Mary Elizabeth Winstead as Ramona Flowers

Ramona initially rebuffs Scott's advances and it's never made clear why she relents, given how dithering and self-absorbed is her bass-playing suitor. But once they acknowledge themselves as a couple, the exes begin to appear. And of course, these are no average, avenging exes. Mr. Wright, who co-wrote the crisp script with Michael Bacall, has said that Scott Pilgrim is like a musical that doesn't burst into song, but into fights. The fights, which take on as many forms as the exes, are done in the manner of video games (and wouldnt' you know it, Playstation and Xbox game versions were released in August). Some are knock-down, drag-out brawls, one is a hilarious battle of the bands between Scott and his mates, Sex Bob-omb and the Katayanagi brothers, the indie rock of the former vs. the soundscapes from hell of the latter. 
Perhaps funniest of the evil exes is No. 3 - and lest one lose count, he wears a shirt with racing stripes a big number 3 on the chest - who is imbued with "special vegan powers." Both number three and the vegan cops who ultimately bust him (he used half and half in his coffee, believing it to be soy milk) are not exactly your stereotypical vegans, but instead are the sort of buff, high-fiving dudes who one can more readily imagine pounding Red Bull or devouring a chilupa at Taco Bell.      

Evil ex number 3, positively glowing with special vegan powers. 

The cast, a few of whom (including Cera) are Canadian, in keeping with the setting of both novels and film, are a pretty appealing lot.

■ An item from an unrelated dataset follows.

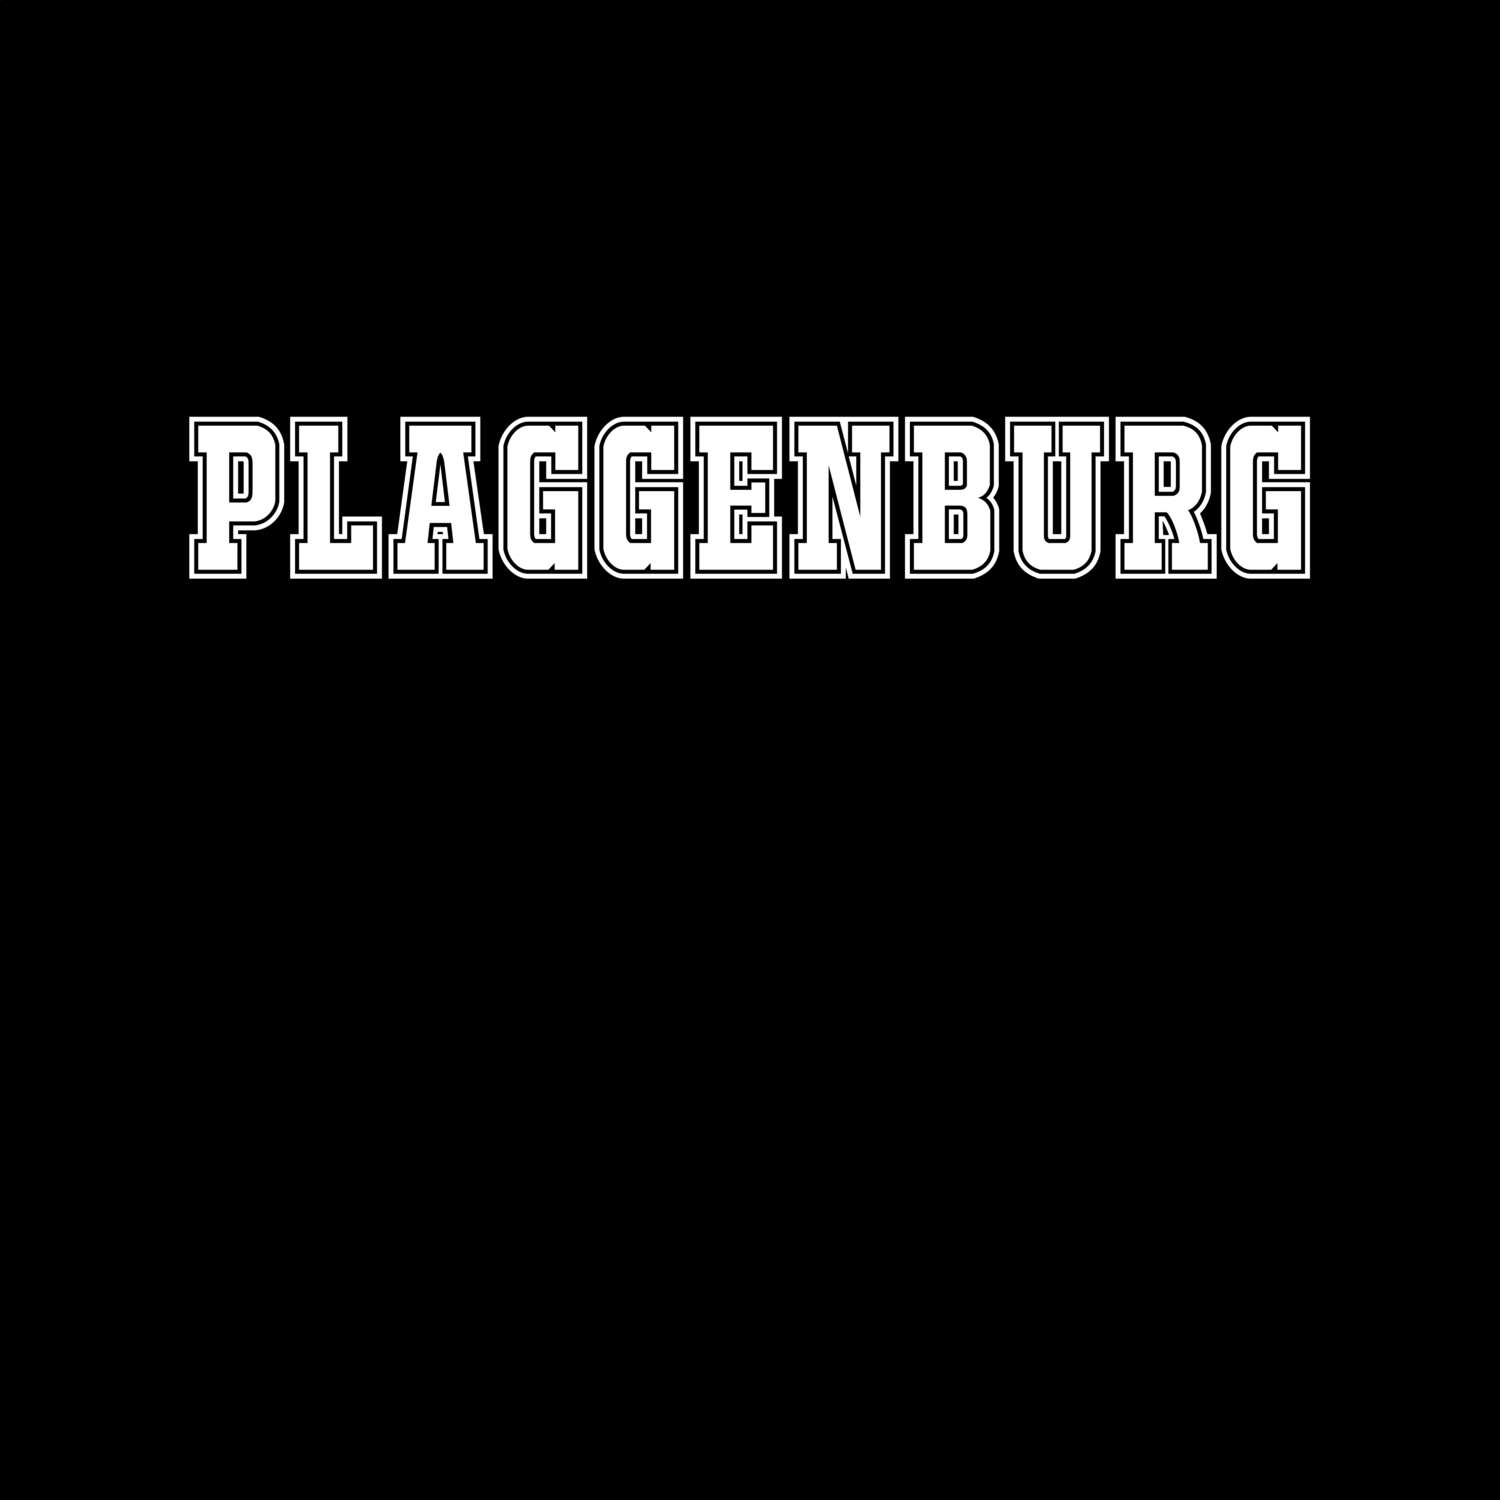 Plaggenburg T-Shirt »Classic«
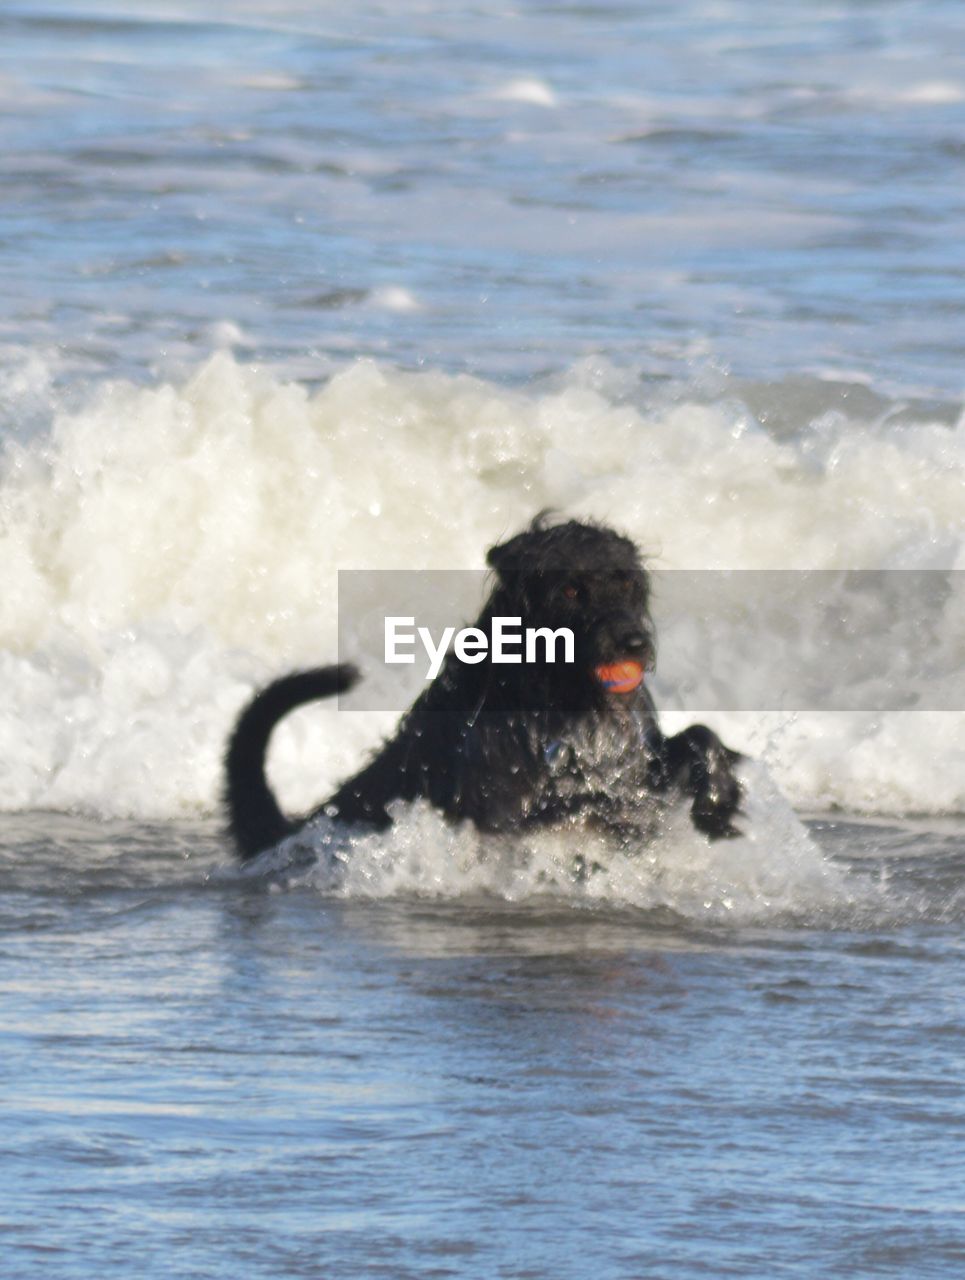 DOG ON SEA WAVES SPLASHING

There's the engaging Ms. Winstead as Ramona, she of the mercurial, Day-Glo coiffure and amazingly varied romantic history. Best of all is Kieran Culkin as Wallace, the friend with whom Scott lives. The mordant Culkin is not only a good foil to Cera, but provides some necessary acidic bite to the cinematic soda, what with all fizz and color about him. Scott and Wallace share a bed, although Scott is among the minority of young men, gay or straight, who remains oblivious to Wallace's appeal. Sometimes the two wake up in bed together, on other occasions joined by a third or even a fourth, the extras Wallace's most recent conquests. All part of the fairly innocent, equal opportunity assignment of sexual orientation in "Scott Pilgrim," which extends to Ramona's exes, one of whom is a she, Roxie Richter (Mae Whitman). Her vanquishing by Scott, made possible by insider information from Ramona, is particularly inspired.

The last of the evil exes turns out to be the executive who Sex Bob-omb have been pursuing for a record deal, Gideon Graves (Jason Schwartzman).    Gideon, we find out, originated the league of evil exes.  There's a slightly dire symmetry to their battle occuring at story's end.   As "Scott Pilgrim" begins with its hero cavorting with a high school girl, it culminates with Cera essentially facing the ghost of his career future.   Mr. Schwartzman is another one-and-a-half-note artist, who made a great splash as a teenager (Rushmore) and has yet to make a convicing transition to an adult actor.  Perhaps we should all be so unsuccessful; like Cera, he seems to be doing alright for himself playing basically the same manchild over and over.   None-the less, tick tock, gentlemen, tick tock.    

The League of Seven Evil Exes

As with all the battles between Scott and the exes, there's little suspense as to who will prevail.    The fun lies in how the ass-kicking will play out.   Like his main character in Scott Pilgrim vs. The World, director Edgar Wright seems able to master anything that comes his way.